Signature de la fonction optimal_leaf_ordering
def optimal_leaf_ordering(Z, y, metric='euclidean')
Description
optimal_leaf_ordering.__doc__
Given a linkage matrix Z and distance, reorder the cut tree.
Parameters
----------
Z : ndarray
The hierarchical clustering encoded as a linkage matrix. See
`linkage` for more information on the return structure and
algorithm.
y : ndarray
The condensed distance matrix from which Z was generated.
Alternatively, a collection of m observation vectors in n
dimensions may be passed as an m by n array.

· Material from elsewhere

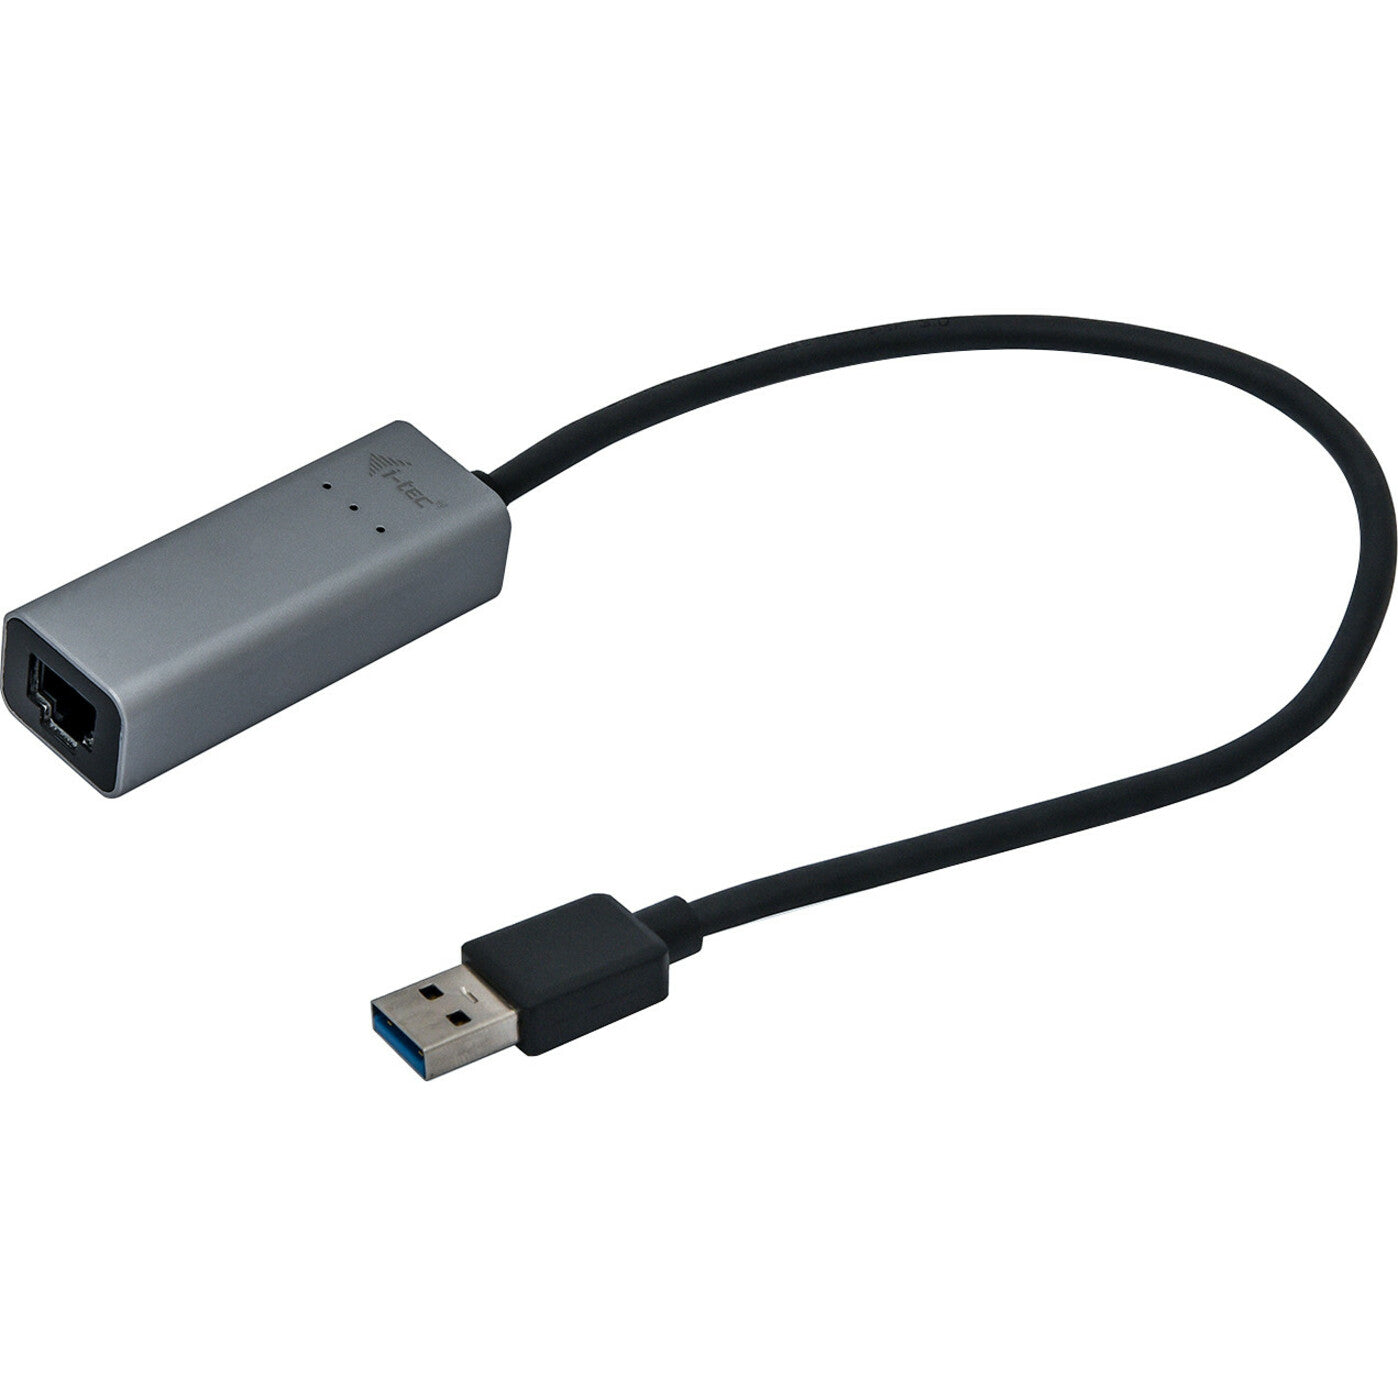 i-tec U3METALGLAN USB 3.0 Metal Gigabit Ethernet Adapter, High-Speed Network Connection

metric : str or function, optional
The distance metric to use in the case that y is a collection of
observation vectors; ignored otherwise. See the ``pdist``
function for a list of valid distance metrics. A custom distance
function can also be used.
Returns
-------
Z_ordered : ndarray
A copy of the linkage matrix Z, reordered to minimize the distance
between adjacent leaves.
Examples
--------
>>> from scipy.cluster import hierarchy
>>> rng = np.random.default_rng()
>>> X = rng.standard_normal((10, 10))
>>> Z = hierarchy.ward(X)
>>> hierarchy.leaves_list(Z)
array([0, 3, 1, 9, 2, 5, 7, 4, 6, 8], dtype=int32)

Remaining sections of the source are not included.